━━━ Input data ━━━

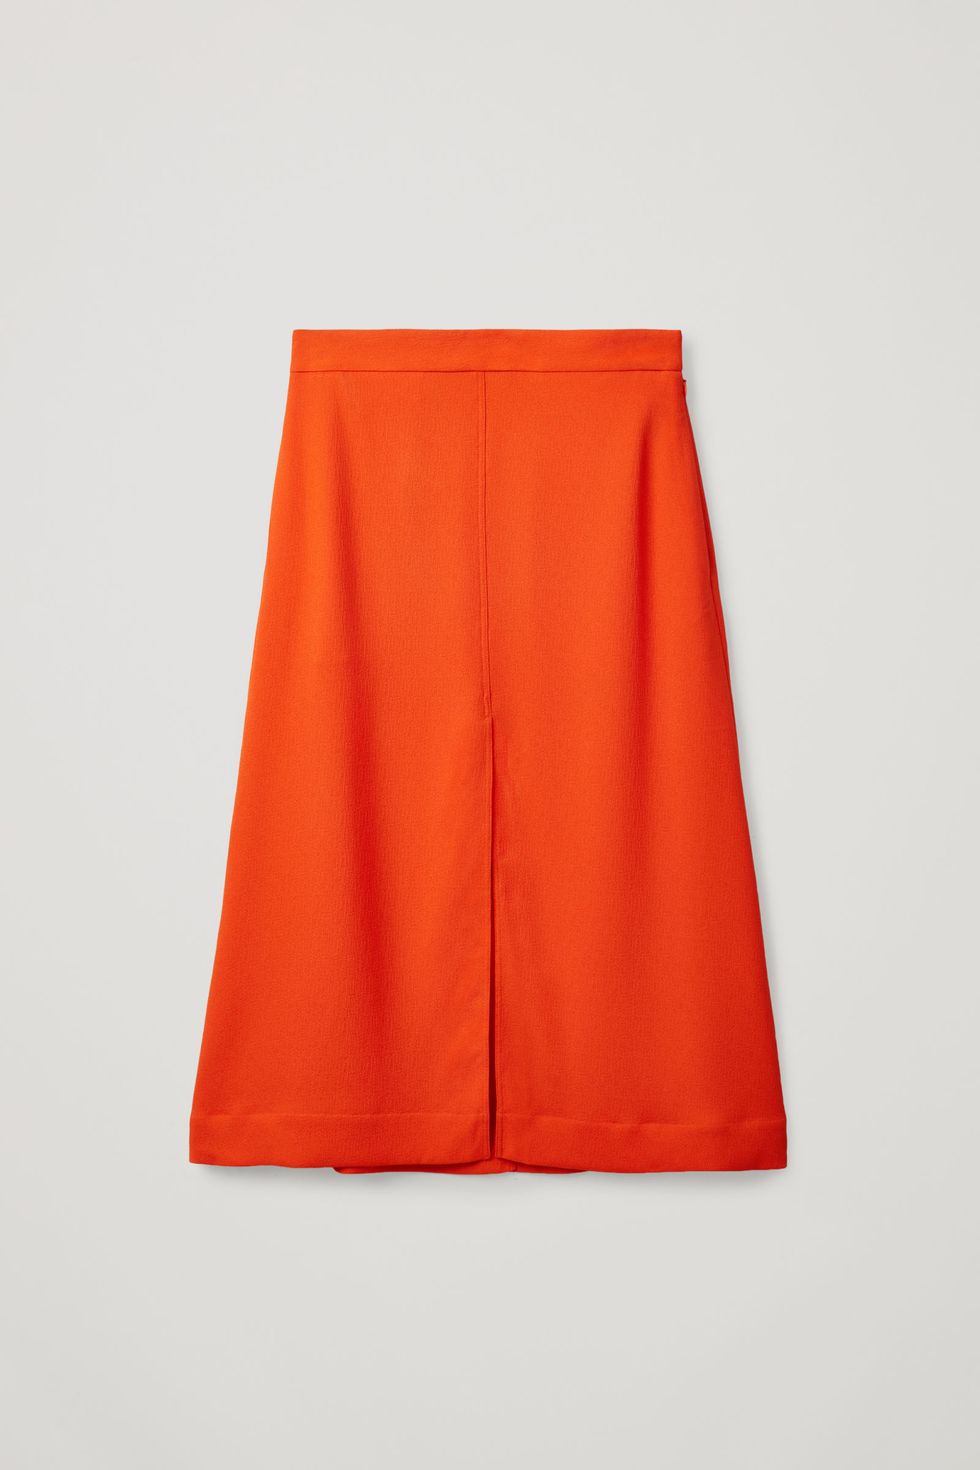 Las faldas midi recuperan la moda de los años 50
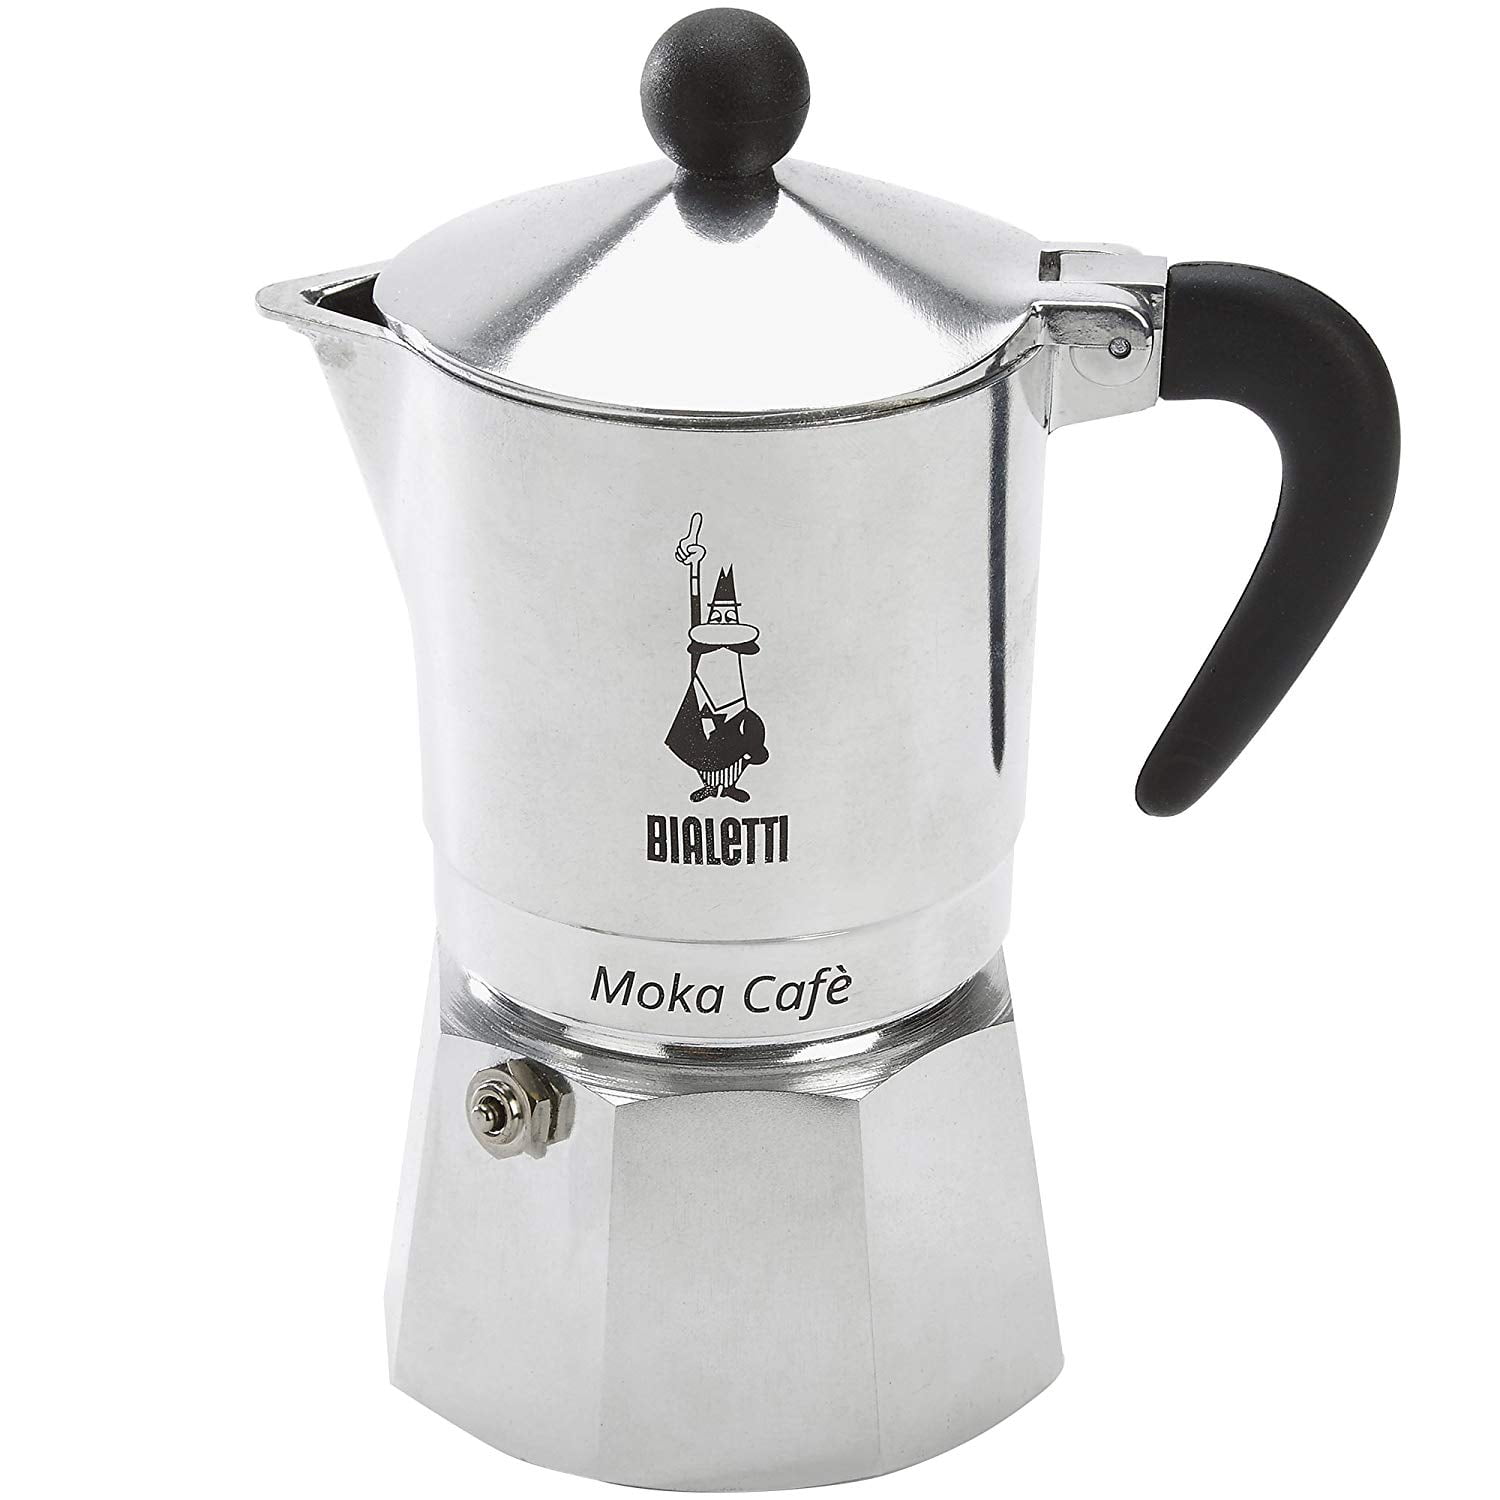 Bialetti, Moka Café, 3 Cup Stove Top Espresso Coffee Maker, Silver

━━━
━━━ Input data ━━━

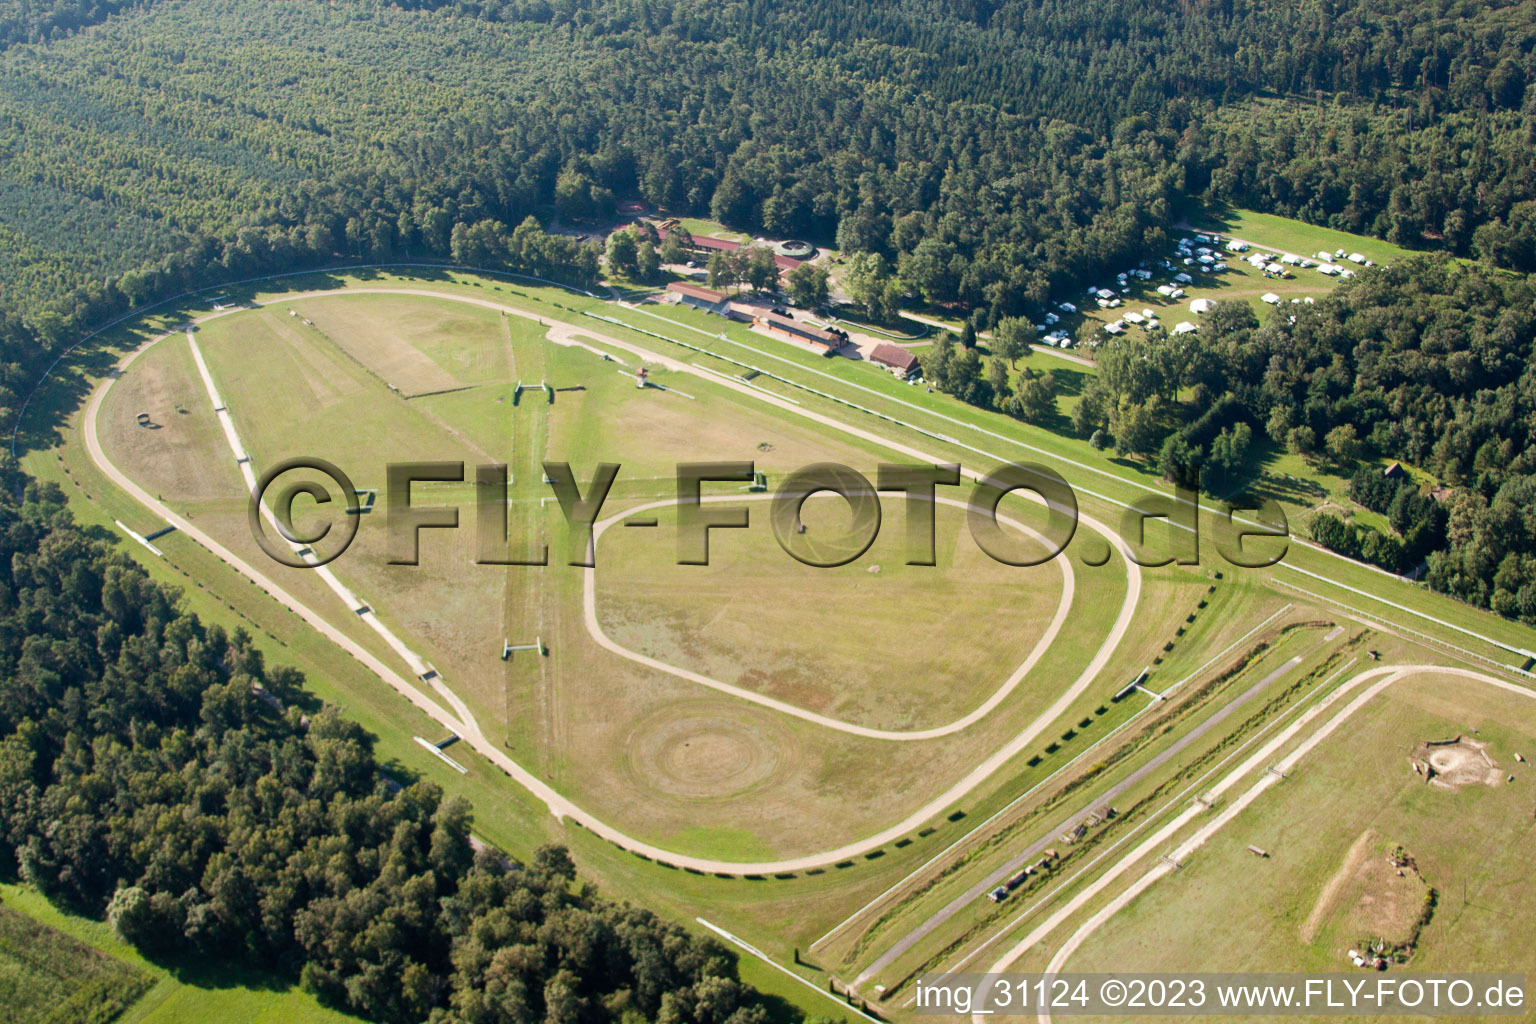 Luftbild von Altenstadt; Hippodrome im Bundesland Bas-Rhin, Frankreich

━━━
━━━ Input data ━━━

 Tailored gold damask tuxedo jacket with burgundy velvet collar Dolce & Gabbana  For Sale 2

━━━

§ **Your task**
For the material above, give again only the lines starting at the line that contains "Las faldas midi" and ending at the line that contains "Bialetti, Moka Café, 3". Pictures do not belong in the copy.

§ **Solution to the exercise**
 Las faldas midi recuperan la moda de los años 50
 Bialetti, Moka Café, 3 Cup Stove Top Espresso Coffee Maker, Silver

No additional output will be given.